El final de esa década de los 70’s tuvo su primera victoria para lo que comenzaron los estudiantes una década antes, y los médicos, ferrocarrileros y campesinos previamente, al ser aprobada la Reforma Política con la que formalmente inició la transición democrática. El Partido Comunista fue legalizado y la izquierda comenzó a tener representación parlamentaria. La construcción de un nuevo país comenzó tras la tensión en las elecciones presidenciales de 1988, donde la sombra de un fraude que evitó el triunfo de Cuauhtémoc Cárdenas, obligó a una serie de aperturas que fueron levantando el nuevo diseño institucional, como la fundación del Instituto Federal Electoral, el Tribunal Electoral del Poder Judicial de la Federación, la Comisión Nacional de los Derechos Humanos, la autonomía del Banco de México o la reforma al Poder Judicial. Más adelante, consecuencia del mismo proceso, vinieron los órganos regulatorios, el Instituto Nacional de Transparencia, y el servicio civil de carrera.
 
Los primeros senadores de izquierda se dieron en 1988. La primera Gubernatura que perdió el PRI fue Baja California, cuando Ernesto Ruffo la ganó en 1999. La izquierda ganó su primera en 1997, cuando Cárdenas llegó al poder en la Ciudad de México.

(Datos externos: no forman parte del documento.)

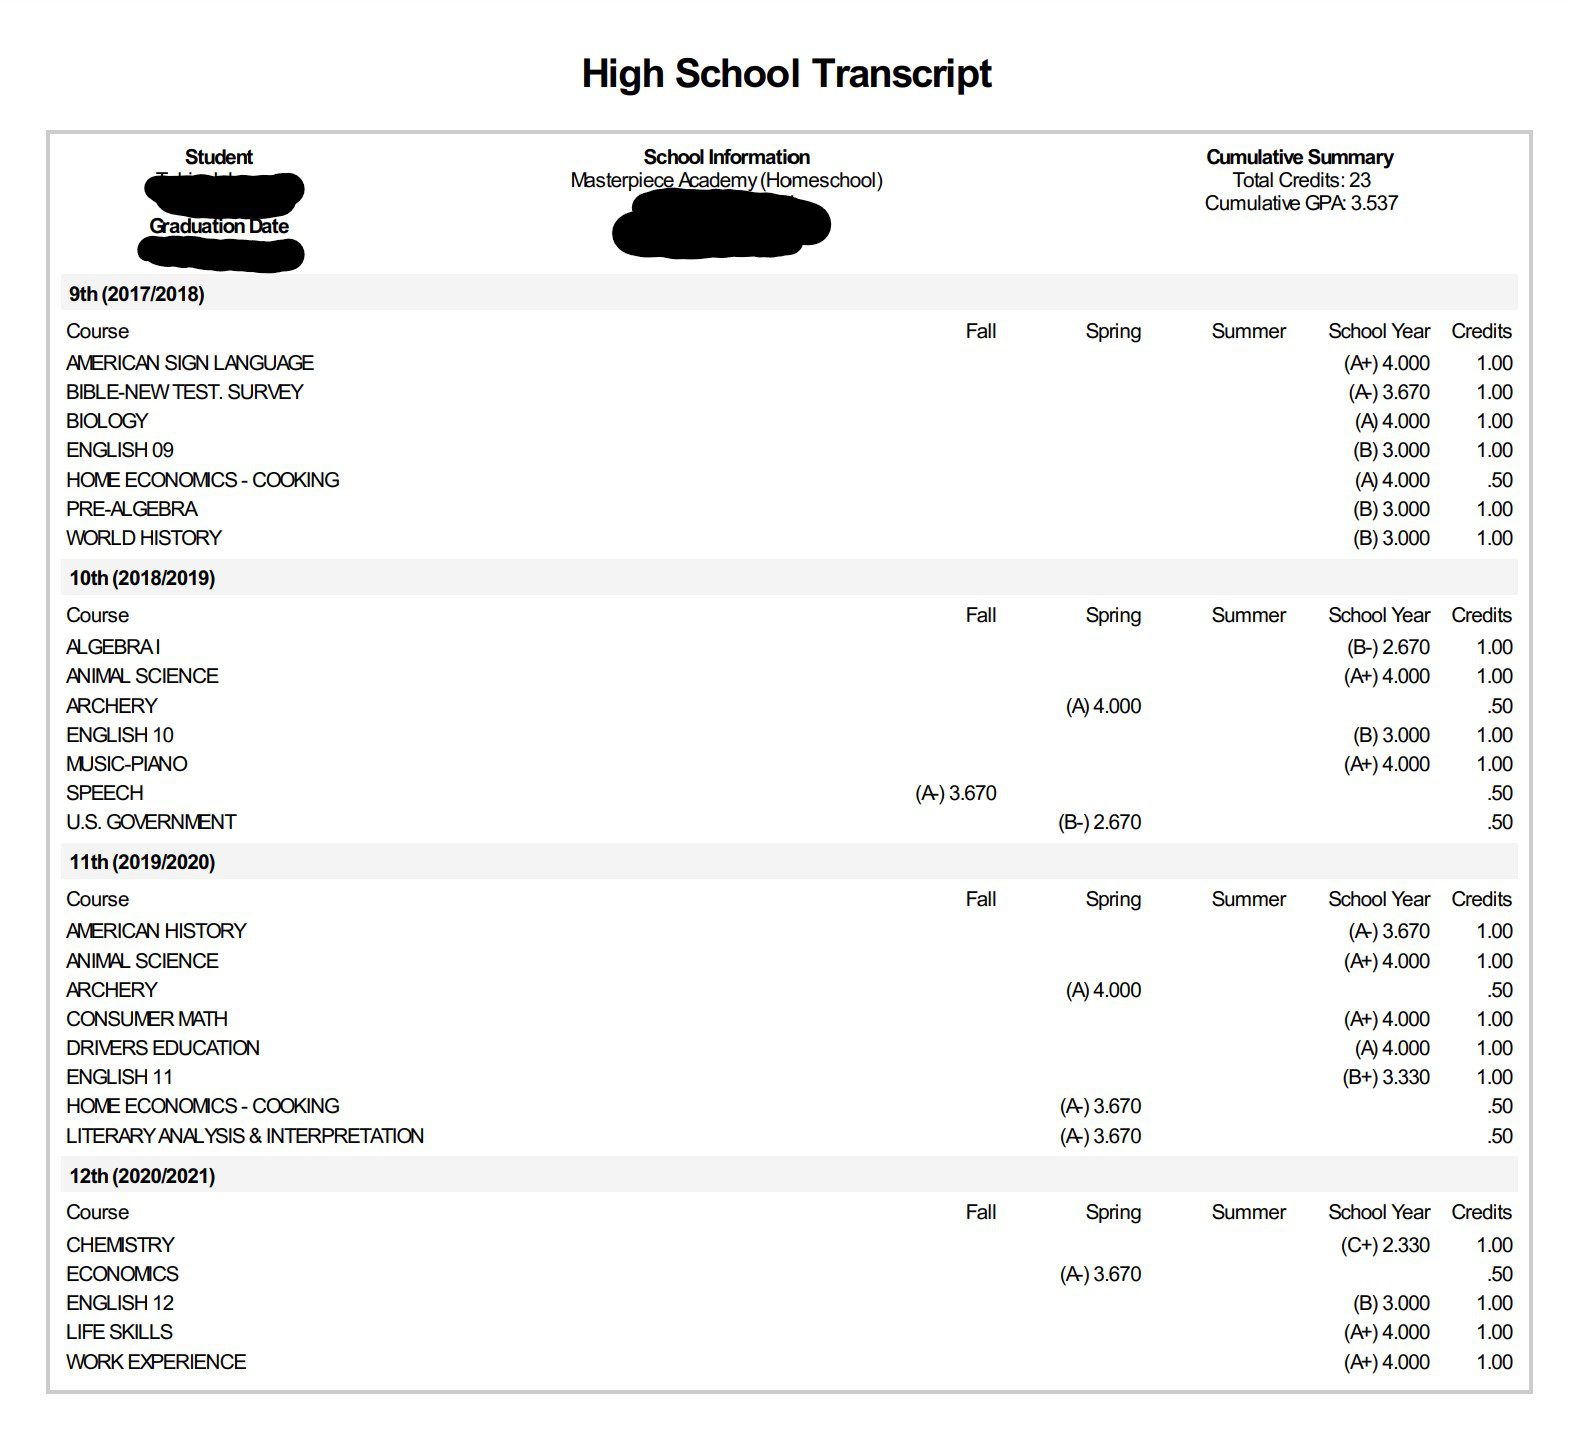 An example of a homeschool high school transcript, including student and school info, graduation date, cumulative summary, and individual course grades and credits. 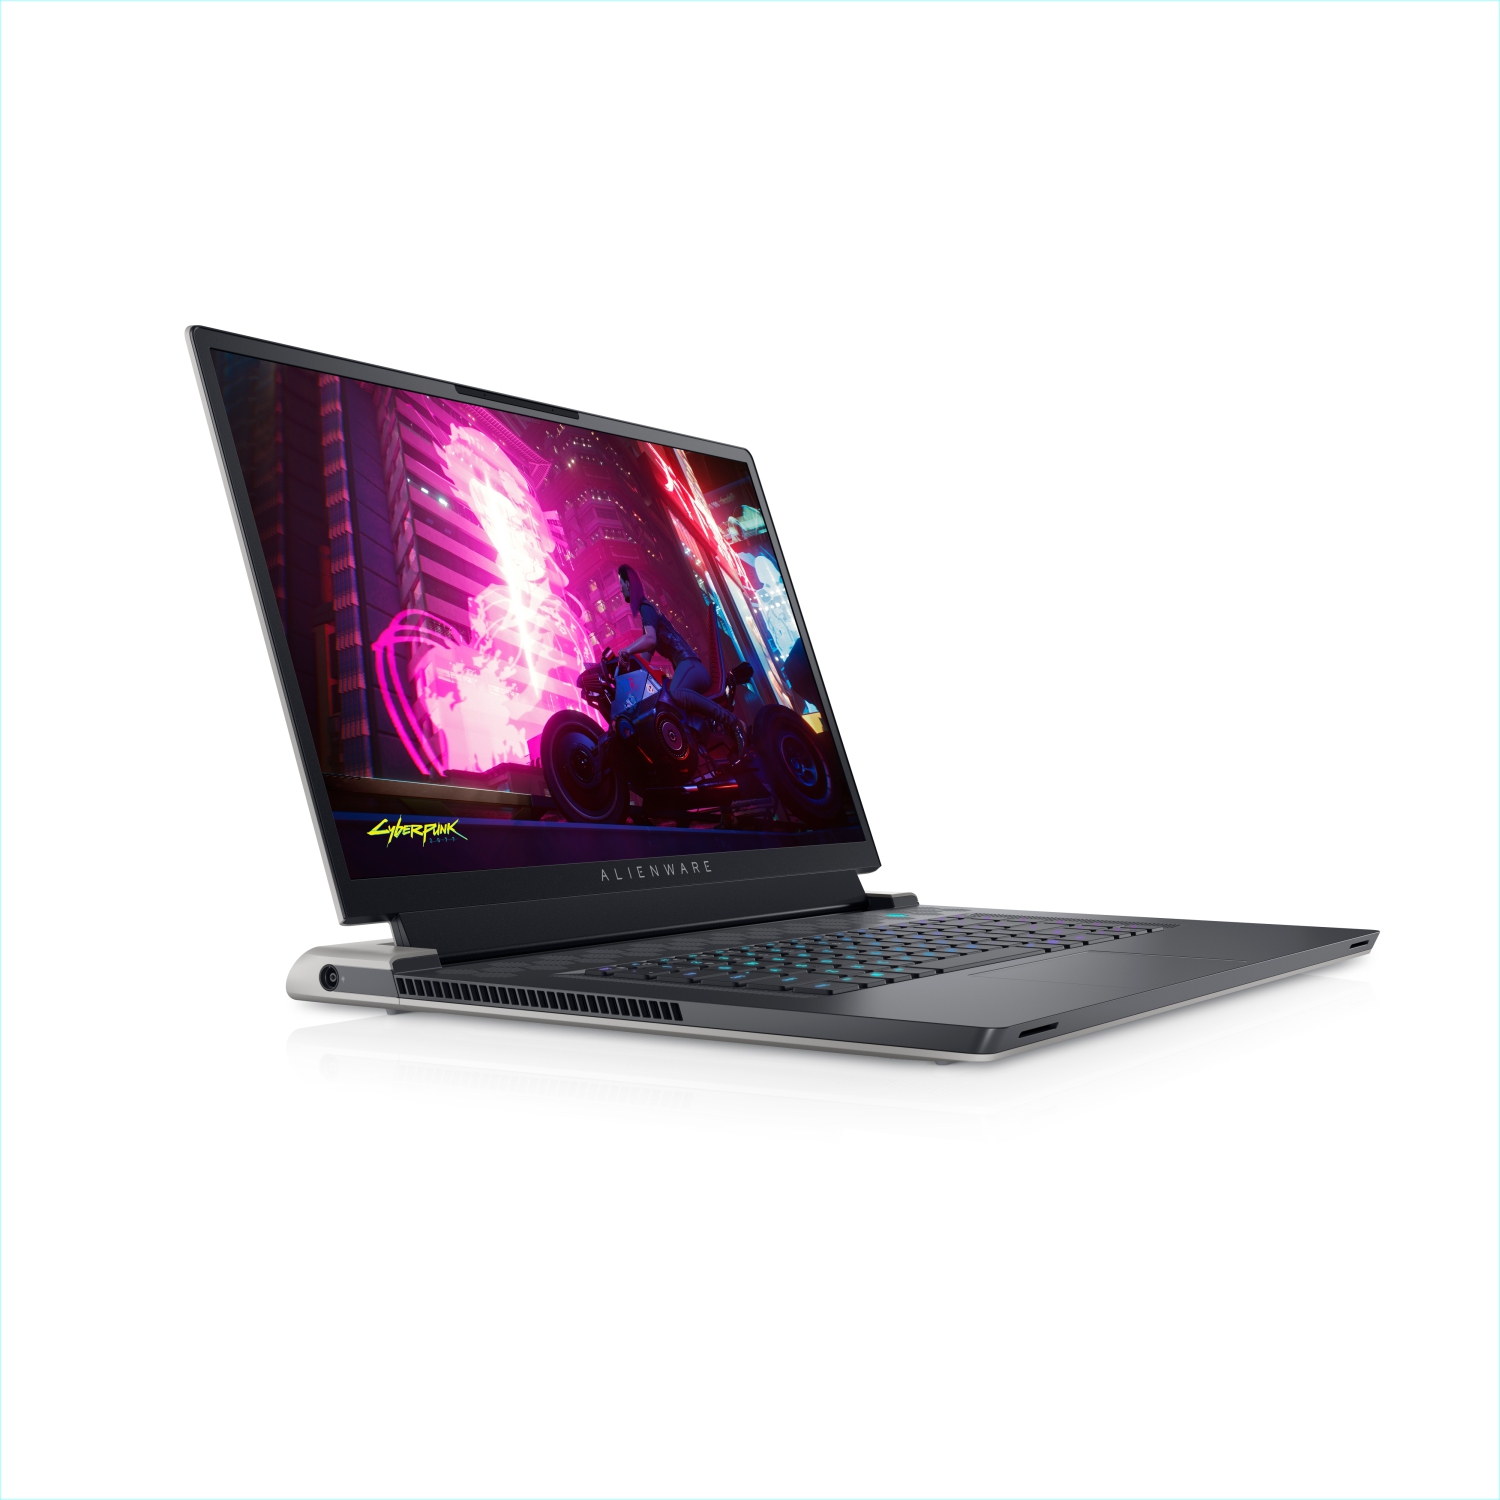 Refurbished (Excellent) - Dell Alienware X17 R1 Gaming Laptop (2021), 17.3" FHD, Core i7, 256GB SSD, 32GB RAM, RTX 3080, 8 Cores @ 4.6 GHz, 11th Gen CPU Certified

La victoria presidencial de Andrés Manuel López Obrador tiene sus raíces en el camino político abierto hace 50 años.
 
Mucho más ha sucedido desde entonces. La prensa vendida tuvo su borrachera democrática en los 90’s, con incontables excesos. Nunca antes como contra los presidentes Enrique Peña Nieto y Felipe Calderón, los niveles de crítica fueron tan severos y constantes. Todas las instituciones tuvieron una circulación de élites, que también contribuyeron a que la oposición de izquierda y de derecha fuera una opción política válida para el país.
 
Falta todavía más por hacer en esta muy larga consolidación democrática que hemos vivido y que le tocará al nuevo gobierno de López Obrador colocar los siguientes escalones. Pero esta conmemoración de los 50 años de la matanza de Tlatelolco, tendría que ser al mismo tiempo una celebración por las libertades alcanzadas que permitieron que en unas cuantas semanas, inicie un nuevo régimen. ¿Será bueno? ¿malo? Los resultados serán otra discusión. El primer gran paso ya se dio. “Un extraño enemigo” cuenta cómo todo inició.